Langue
Recherche

Castagne

Castanea sativa Mill. Castagna en italien ; castégna, chestégna, castigna chistégna, dans les patois tessinois. Châtaigne en français, Kastanie, Edelkastanie en allemand.

En bref

La châtaigne fut une nourriture de base dans les régions productrices jusqu’au début du 20e siècle. Considérée comme le pain des pauvres, elle était peu valorisée et céda sa place au maïs, au pain puis à une nourriture plus variée. Mais la châtaigne est aussi un fruit précieux, apprécié par les citadins: elle accompagne les viandes de fête et se transforme en produit de luxe chez le confiseur. Depuis les années 1990, les châtaigneraies et les châtaignes intéressent les touristes et les communautés locales tâchent de les revaloriser.

Description

Une bogue de châtaigne contient 2 à 3 fruits en forme d’amande ronde ou pointue, beau brun brillant, striée de lignes plus foncées.

Les fruits sont cloisonnés. L’écorce extérieure puis la peau (tan) foncée de l’intérieur se détachent plus ou moins bien à la cuisson.

Variation

Au Tessin on connaît plus de 100 variétés dont 58 sont identifiées: Pinca et Berögna, (à bouillir) , Lüina etTorcion negro (à griller), Verdesa et Verdanesa (pour conserver en tas) sont les plus connues, Tüdiscia au val Bregaglia.

Selon les variétés, l’écorce et la fine peau intérieure se détachent plus ou moins facilement après cuisson. Au Sud du Tessin, on a planté au 20e siècle quelques vergers avec de nouvelles variétés italiennes de marronniers à gros fruits.

Histoire

L’arbre est présent dès l’époque romaine. Sa culture connaît un fort déclin dans toutes les régions européennes depuis le 18e siècle, en autres à cause du succès de la pomme-de-terre et du maïs.

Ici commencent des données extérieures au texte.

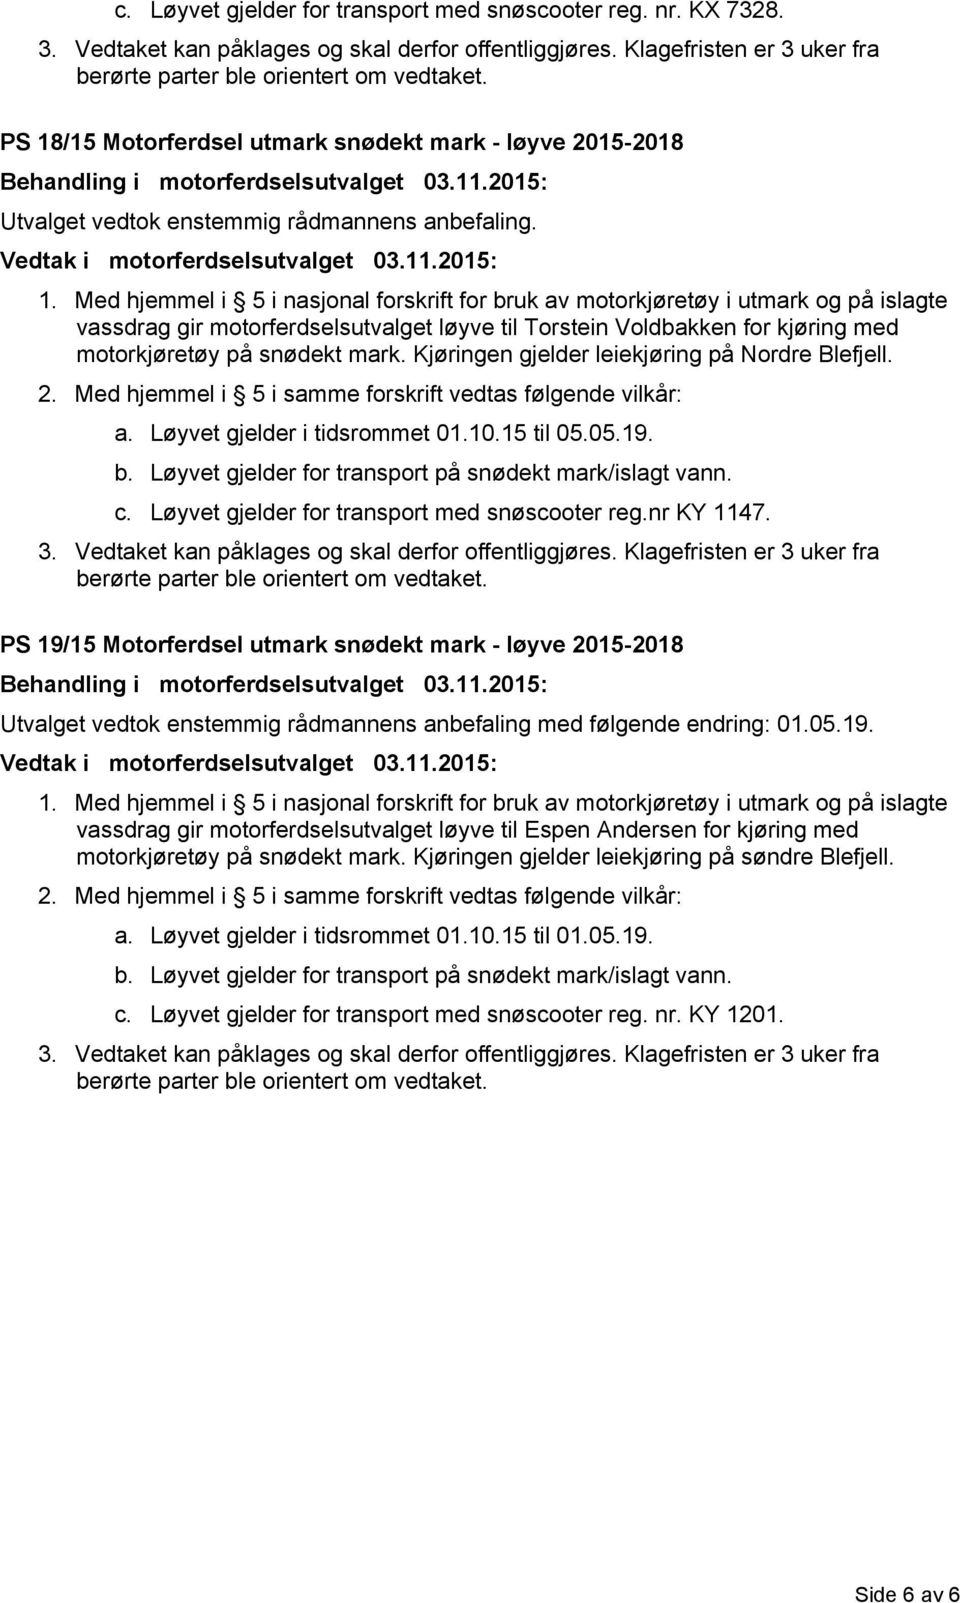 Kjøringen gjelder leiekjøring på Nordre Blefjell. a. Løyvet gjelder i tidsrommet 01.10.15 til 05.05.19. c. Løyvet gjelder for transport med snøscooter reg.nr KY 1147.

Au Tessin et dans le Poschiavo, les terrains sont propriété communale ou bourgeoisiale, la propriété des arbres est privée. Ce jus plantandi ou droit de planter et exploiter des arbres sur le territoire communal est cité dès le 11e siècle et officiellement aboli en 1912. Dans les autres vallées du Sud des Grisons, des châtaigneraies privées subsistent mais de grandes surfaces sont abandonnées.

L’entretien des châtaigneraies a cessé au cours du 20e s à cause des maladies et décliné après l’exploitation massive du bois pour les fabriques de tanin. Beaucoup de châtaigneraies à fruit existent encore mais doivent être rajeunies pour retrouver leur capacité productive. L’association des castanéiculteurs de Suisse italienne a encouragé dès 2004 la sauvegarde des grands arbres isolés ou en petits groupes. Une aide financière et technique est accordée aux petits propriétaires pour entretenir ce patrimoine de grande valeur paysagère et culturelle.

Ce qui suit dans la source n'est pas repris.